- [DATASET EXCERPT]:
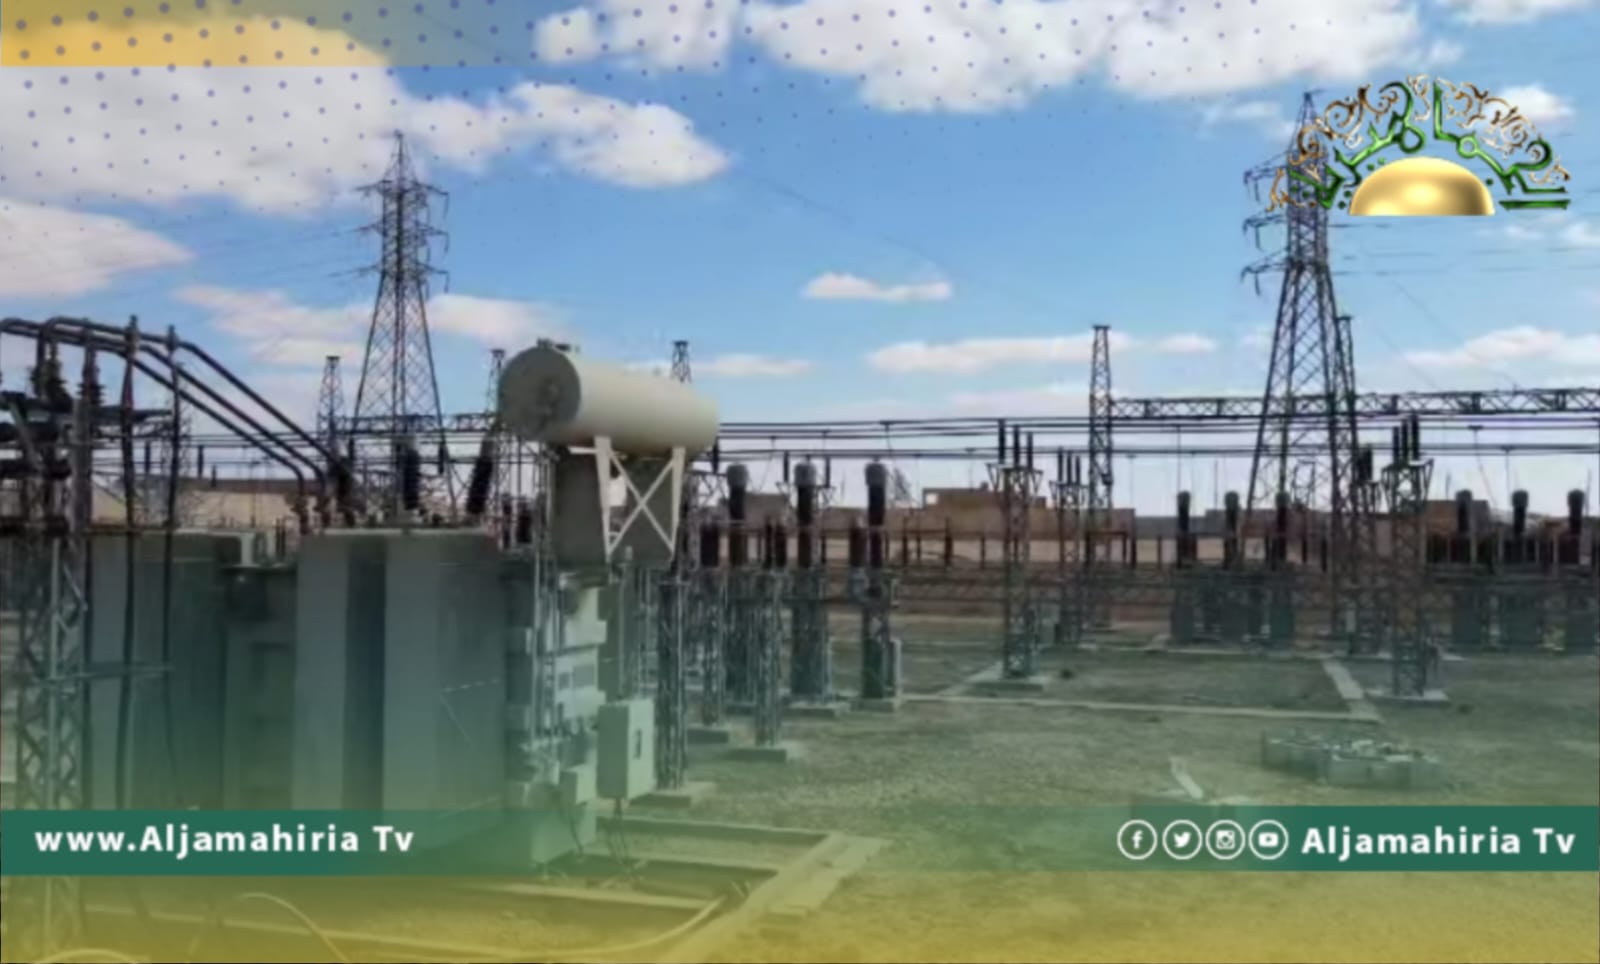 الشركة العامة للكهرباء: استكمال إعادة تأهيل محطة كهرباء الزنتان القديمة
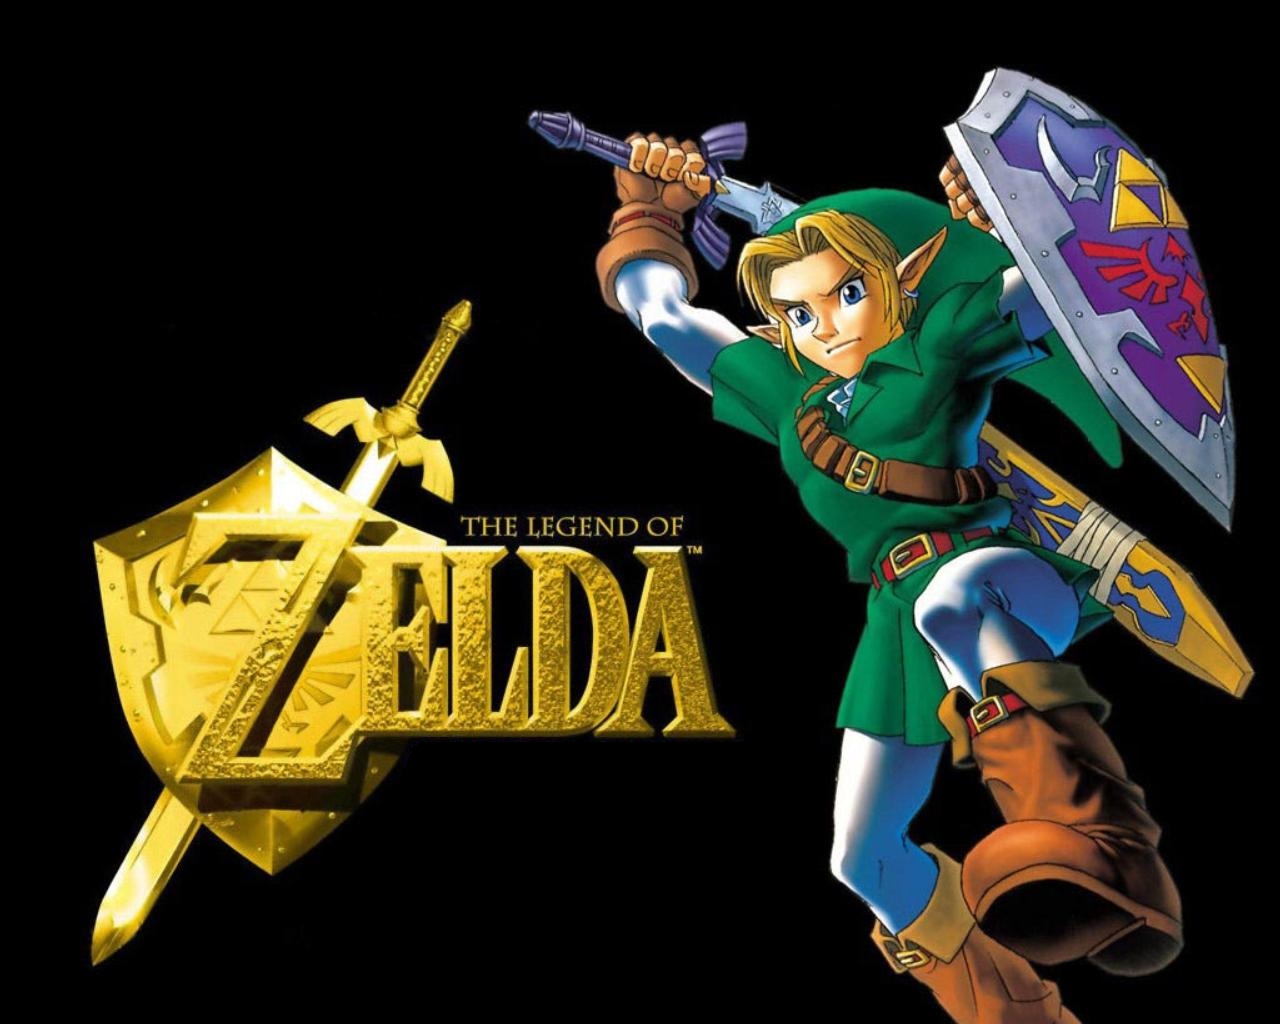 "The Legend of Zelda" desktop wallpaper (1280 x 1024 pixels)
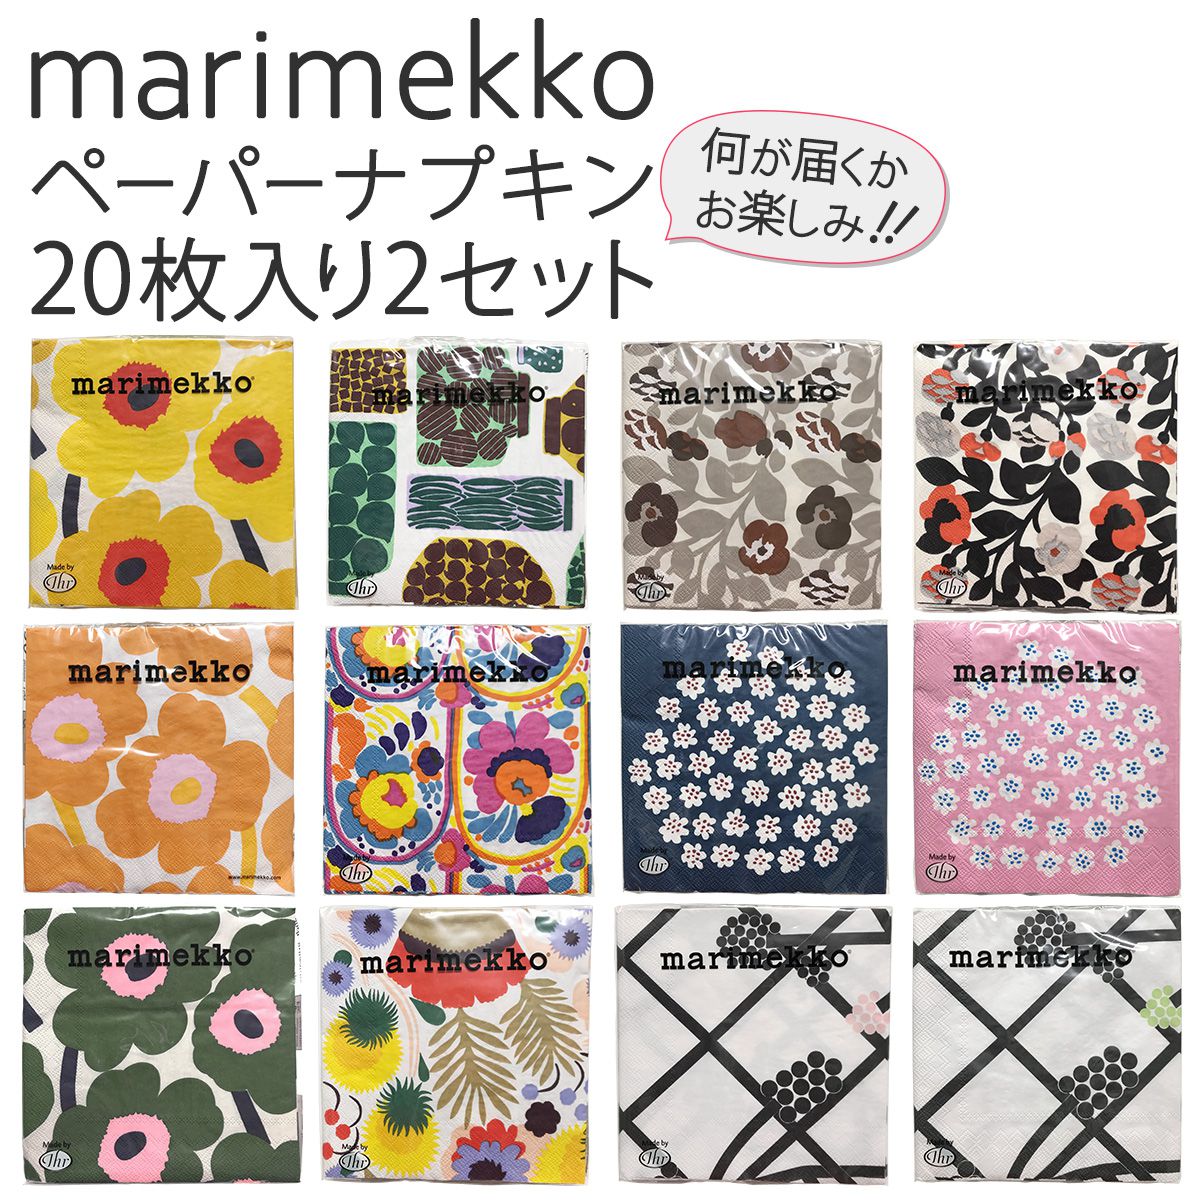 マリメッコ Marimekko ペーパーナプキン 紙ナプキン 2セット 全12柄

- [WORK REQUEST]: From the material above, output every line exactly as written, dropping any picture.

- [SOLUTION TO THIS PROBLEM]:
 الشركة العامة للكهرباء: استكمال إعادة تأهيل محطة كهرباء الزنتان القديمة
 "The Legend of Zelda" desktop wallpaper (1280 x 1024 pixels)
 マリメッコ Marimekko ペーパーナプキン 紙ナプキン 2セット 全12柄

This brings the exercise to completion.